Finish with:1.0734808444976807 seconds, num_workers=0
Finish with:5.095129728317261 seconds, num_workers=1
Finish with:4.690190076828003 seconds, num_workers=2
Finish with:4.923038482666016 seconds, num_workers=3
Finish with:5.231919288635254 seconds, num_workers=4
Finish with:5.686760187149048 seconds, num_workers=5
Finish with:6.780835151672363 seconds, num_workers=6
Finish with:8.358283519744873 seconds, num_workers=7
Finish with:8.817540168762207 seconds, num_workers=8
Finish with:9.85634708404541 seconds, num_workers=9
Finish with:10.668752670288086 seconds, num_workers=10
Finish with:11.753221035003662 seconds, num_workers=11
Finish with:12.922778844833374 seconds, num_workers=12


In [3]:
for num_workers in range(cpu_count + 1):  # Iterate from 0 to cpu_count
    train_dl = DataLoader(dataset,
                          shuffle=True,
                          pin_memory=False,
                          batch_size=batch_size,
                          num_workers=num_workers)

    start = time.time()
    for epoch in range(10):  # Simulate 4 epochs
        for i, data in enumerate(train_dl, 0):
            pass  # Here you would process your data
    end = time.time()
    print(f"Finish with:{end - start} seconds, num_workers={num_workers}")

Finish with:1.0292959213256836 seconds, num_workers=0
Finish with:5.832638263702393 seconds, num_workers=1
Finish with:5.6890552043914795 seconds, num_workers=2
Finish with:5.761323690414429 seconds, num_workers=3
Finish with:5.874486684799194 seconds, num_workers=4
Finish with:6.3858232498168945 seconds, num_workers=5
Finish with:7.5590221881866455 seconds, num_workers=6
Finish with:8.2344229221344 seconds, num_workers=7
Finish with:8.8154878616333 seconds, num_workers=8
Finish with:9.214709758758545 seconds, num_workers=9
Finish with:9.995859861373901 seconds, num_workers=10
Finish with:10.611126184463501 seconds, num_workers=11
Finish with:12.081108093261719 seconds, num_workers=12


The results indicate a counterintuitive trend: as the number of workers increases, the time to process the data also increases, rather than decreasing. This is unusual because the expectation is that adding more workers would parallelize the data loading and potentially decrease the total processing time, up to a certain point, depending on the task's I/O and CPU-bound characteristics.

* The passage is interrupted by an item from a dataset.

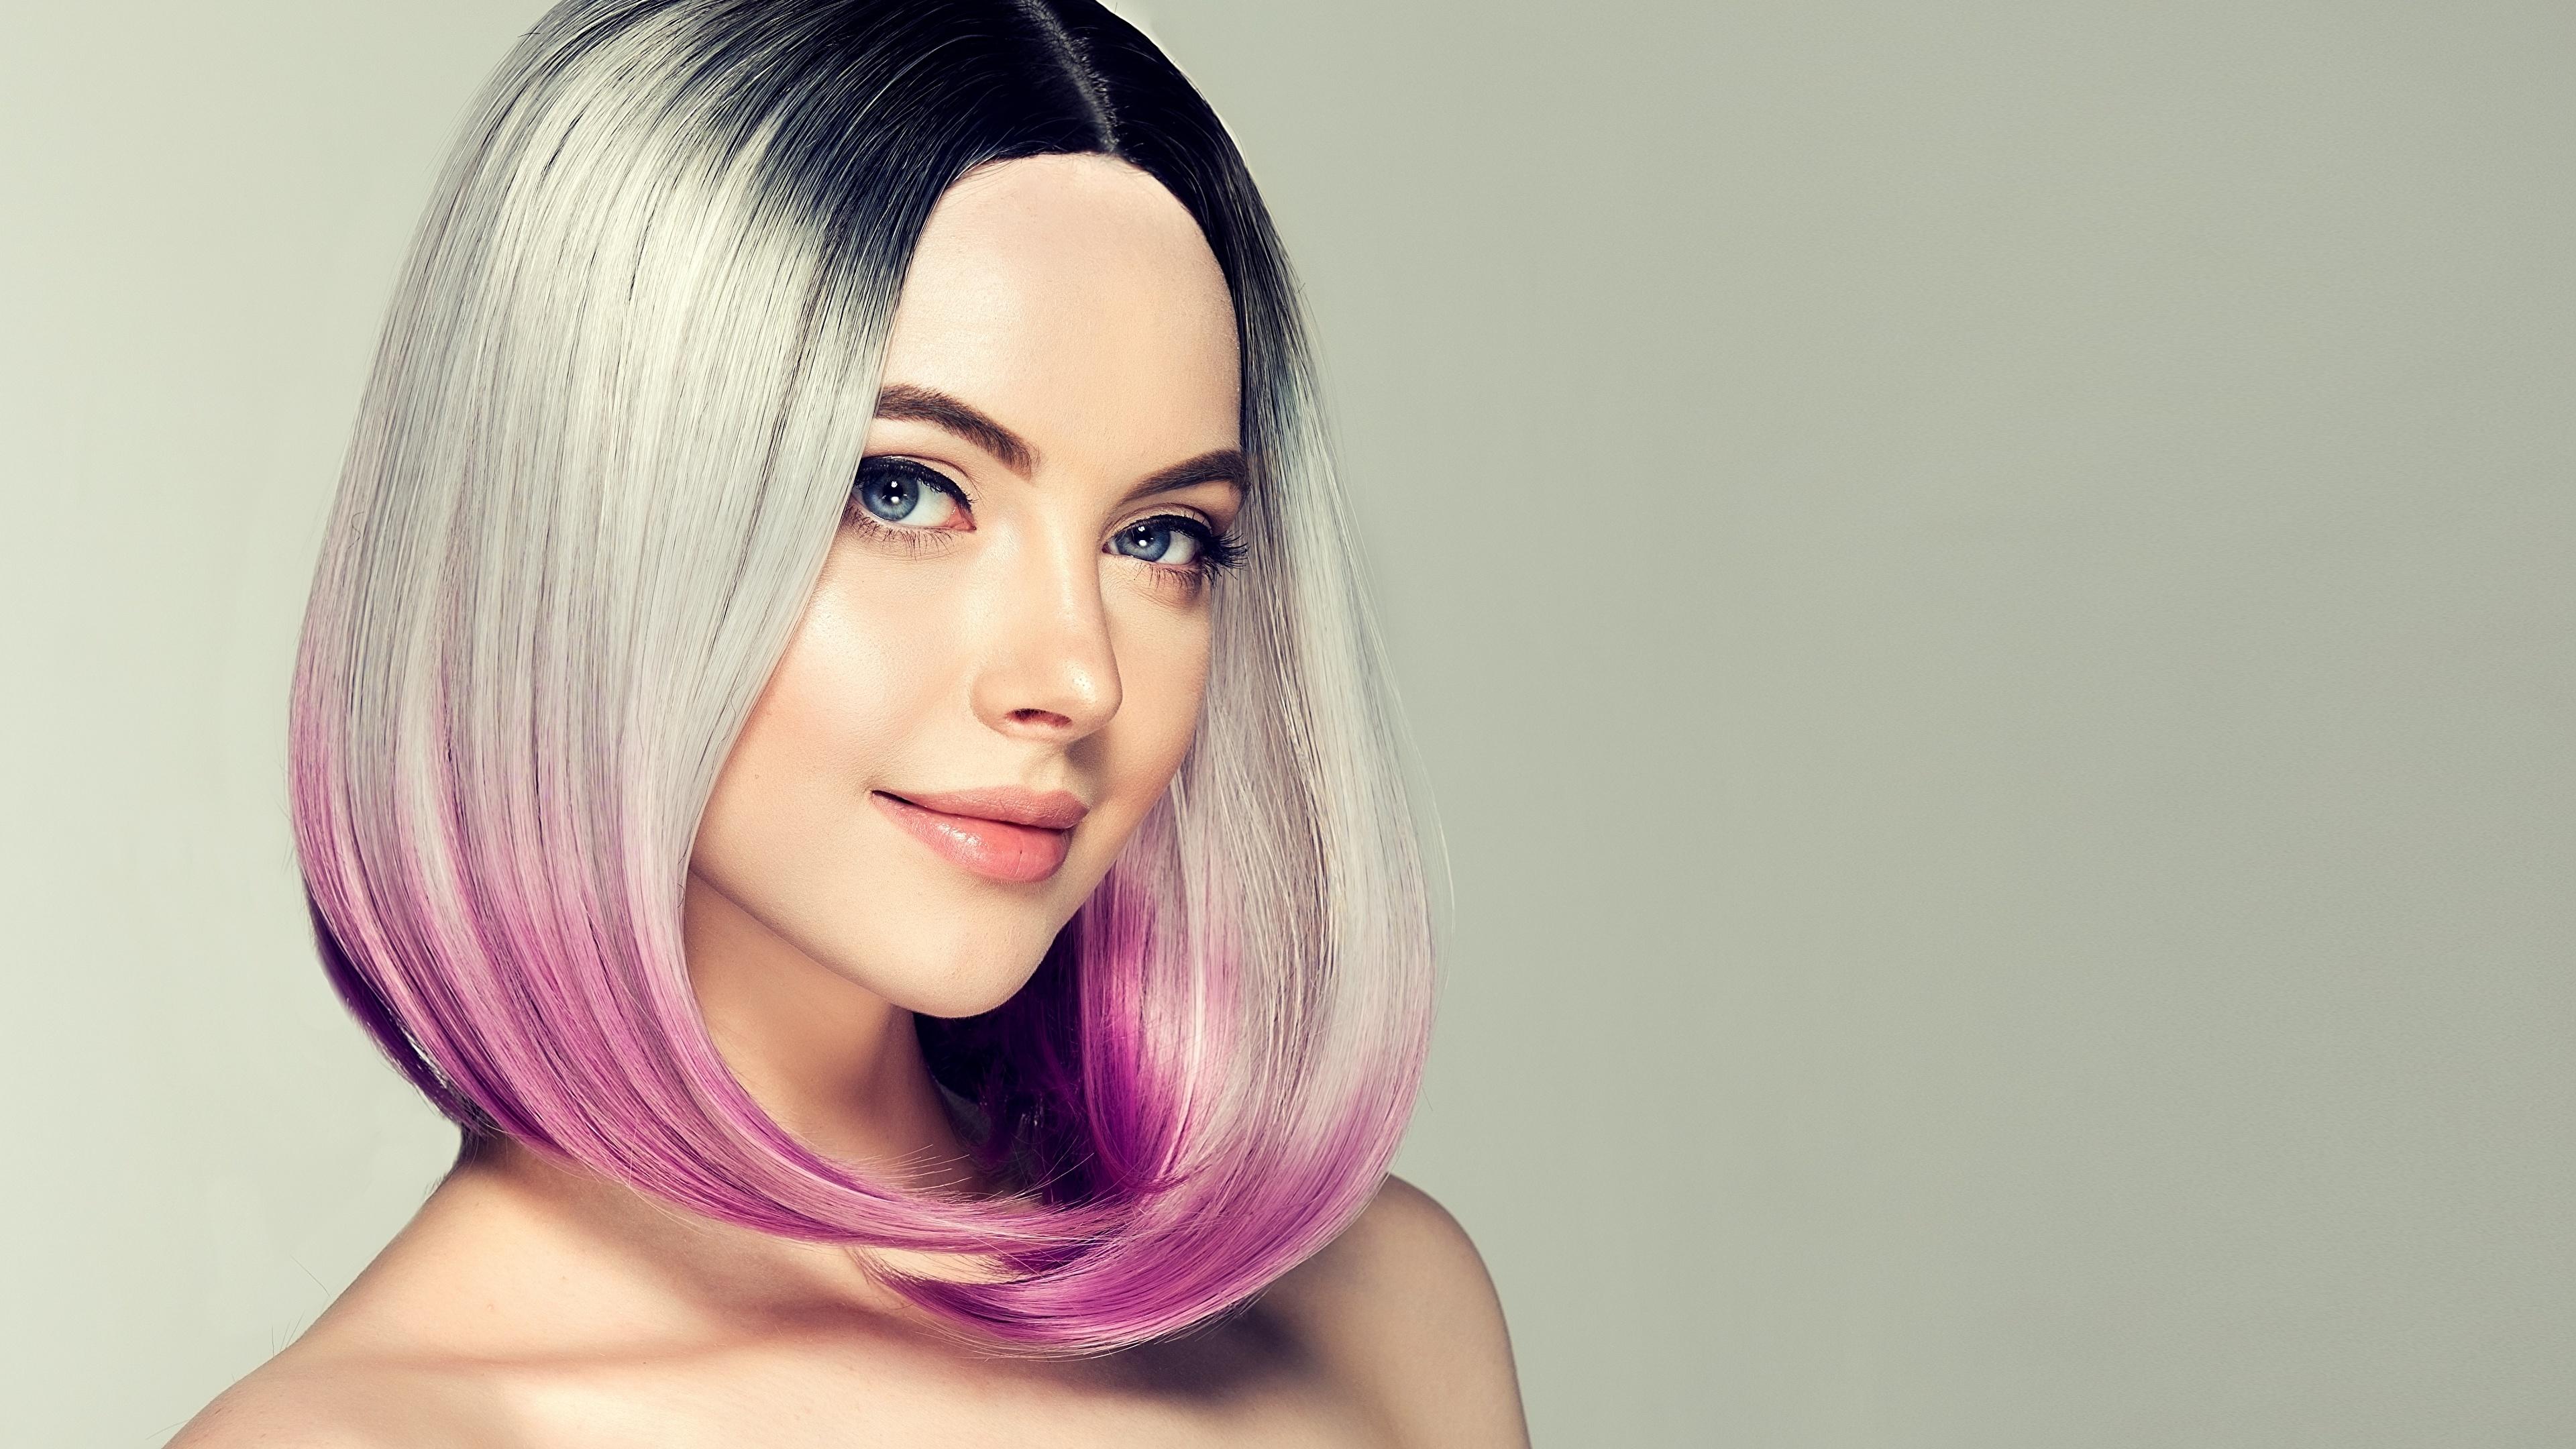 Desktop Wallpapers Girls Blonde Girl Makeup Hair Face 3840x2160

However, in this case, the increase in processing time with more workers suggests a few possibilities:

    Overhead from Too Many Workers: If the task of loading and preprocessing the data is relatively lightweight (as it might be with generating random data), the overhead of managing multiple worker processes can outweigh the benefits of parallelization. This is particularly true when the dataset is stored in memory (like your mock dataset), and there's minimal I/O latency to hide behind the workers' loading time.

    Contention: With too many workers, there might be contention for CPU resources, especially if the number of workers significantly exceeds the number of available CPU cores. This can lead to context switching overhead and reduced efficiency.

    Implementation Details: Depending on how PyTorch and the DataLoader are implemented and interact with the system's threading and multiprocessing capabilities, there could be inefficiencies that become more pronounced with a higher number of workers.

    Synchronization Overhead: When all the worker processes try to return their batches of data back to the main process, there might be a synchronization overhead, especially if the main process is not able to consume the data as quickly as it is produced.

Given these results, it appears that for this specific scenario (using a mock dataset that likely requires minimal disk I/O and possibly minimal preprocessing), having zero or a very low number of worker processes is the most efficient choice. This scenario highlights the importance of tuning the number of workers based on the specific characteristics of the dataset, the complexity of the preprocessing, and the hardware capabilities of the system.

For real-world datasets, especially those involving complex preprocessing or significant disk I/O (like loading large images from disk), you might find a different optimal number of workers. It's always a good idea to conduct similar experiments with your actual dataset to find the best configuration.